I seriously doubt the AI companies are going to help with preserving culture, though. The incident with Meta torrenting books for example had them on the opposite side. They took care to "leech". That is, they took out information from the network and made sure not to balance that out. Resulting in a negative balance on the network and "free" information exchange.
If your worried "our guy can get more. If he destroys all remaining copies of these newspapers [...]" I believe you found him. It's not exactly that, since that kind of information is duplicated and can't be burnt that way. But Meta do the closest thing there is to it. There are resources to exchange information and culture, and they deliberately "burn" those resources for their own benefit and to the disadvantage of everyone else.

If the publisher has gone out of business [...]

And that has also already happened in the realm of AI. They change their service or cease operation. And since AI is just a service and the users don't own anything, they're then left with nothing. First big thing I'm aware of is how Replika AI dropped the main use-case of their service and millions of people were affected. And that is way worse than books. I have been banned from services. They just said "suspicious behaviour" and deactivated my account and I was stripped access. A book author cannot do that. I can still buy his book even if he doesn't like me. Cancelling service and doing whatever they like with the userbase is what big tech companies do.


So my argument is: You've really made a good argument in pointing out countless severe shortcomings of current copyright culture. And I've learned a lot. The AI industry is an even worse manifestation of that. They also pile up intellectual property for their product. And contrary to a book, I don't even own the darn physical thing, but they introduce all kinds of other shenanigans and make it something I rent, boarded-up, and then they often also apply copyright on top. They stepped up everything that is bad about copyright, several notches.

And then the successful players are all ruthless. They're not just selling me a book. Currently they're mainly interested in investment money and I'm not really 100% their customer. They happily weigh down on society. In my last comment I addressed how they deliberately evade law and some big players even pirate and do things that are currently illegal. Just for their own benefit. Enshittification of the internet is a side-effect they gladly accept. And they're expected to displace more things with their product (including culture) and neither do they contribute back, nor do they care about the consequences.

I think Fair Use might be a nice concept. It definitely is a regulation mechanism. The government/society is taking away privileges of people (copyright holders) with that. To the benefit of society and progress. Now go ahead and apply the same thing to AI companies! Regulate them as well!

[-] [email protected] 1 points 5 days ago

My single argument here is: Look at the AI industry and compare what you just said. They’re doing exactly the same thing, just 20 times worse.

Sorry, but you have not understood the concept yet.

You demand that AI companies should work for free and give things away for free. But they also should pay people that make no contribution.

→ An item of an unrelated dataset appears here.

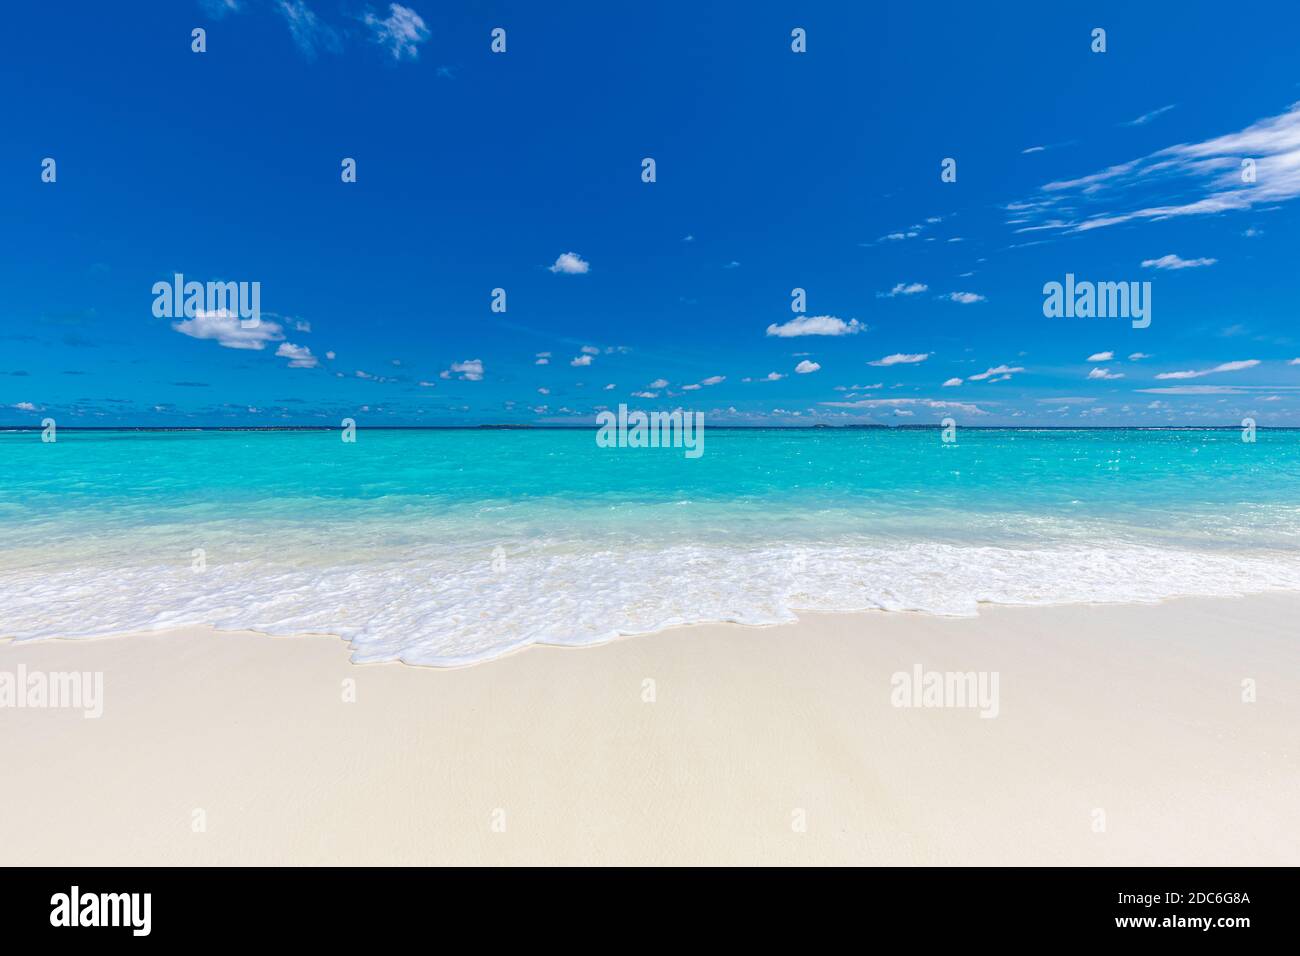 Plage tranquille. Paysage exotique de plage tropicale. Conception de vacances d'été concept, vagues, horizon de mer sur sable blanc avec ciel bleu. Banque D'Images

I’ve laid down how the big AI companies do nothing for the benefit of other people.

They do, just like farmers. If people did not find their services beneficial, they would not pay.

the resources for that cost like $100 million

This is called a barrier to entry (Marktschranke).

It doesn't have to be very bad. For example, you can't just become a farmer. You must buy a farm. There are problems with that, but they aren't big. Food is cheap and plentiful.

The people who make AIs want to be paid for their work. The people who build and maintain the datacenters, the hardware, the electricity, and so on. Should they work for free?

The problem starts when people want more than that.

I really have a wide selection of sci-fi books available

Have you ever noticed how many of these books were written in the USA and cheaply translated into German?

Let’s tackle monopolies: Everyone can read a book in case they can get ahold of it. And with some intelligence and time, everyone can write a book. That’s a monopoly in your eyes

No. I think you misunderstood. An exclusive copyright is a monopoly by definition.

The incident with Meta torrenting books for example had them on the opposite side. They took care to “leech”.

They were legally required to do that. Downloading the books for their purposes was fair use. Uploading would certainly not have been.

I don't understand how this accusation makes the slightest bit of sense. These torrents are a violation of EU copyright law. Your argument means that these torrents shouldn't exist in the first place. You are not demanding that Meta should be allowed to upload these books. You're saying they shouldn't be allowed to download them, either.

[-] [email protected] 1 points 4 days ago* (last edited 4 days ago)

The issue is just, I don't see how any of those are arguments to distinguish between the two. I can twist them so almost every single argument applies to book authors and I don't see any contradictions with that:

"You demand that ~~AI companies~~ [book authors] should work for free and give things away for free. But they also should pay [in content] people that make no contribution."

"They do [create something], just like farmers. If people did not find their services beneficial, they would not pay [for the books]."

"[The price of the pile of books] is called a barrier to entry (Marktschranke)."

"It doesn't have to be very bad. For example, you can't just become ~~a farmer~~ [a big AI company]. You must buy ~~a farm~~ [data]. There are problems with that, but they aren't big. ~~Food~~ [data] is cheap and plentiful."

Alright, we have the one issue here, because data is cheap and plentiful in the digital age, and they gather my data as well, but theoretically that should be limited in the EU, and we get the copyright issue with the books here. But I don't think the farmer/AI comparison goes all the way. For example graphics cards are the opposite of cheap and plentiful, and there isn't a problem with that. So it's not like there is a rule that resources or products have to be cheap or plentiful. It's surely benefitial, but there's also the real world, like with GPUs. And farmers also use intellectual property crops, and they use machines that cost hundreds of tousands of dollars. Sometimes you just have to pay for supplies and resources. That applies to farmers and for AI companies buying their supplies.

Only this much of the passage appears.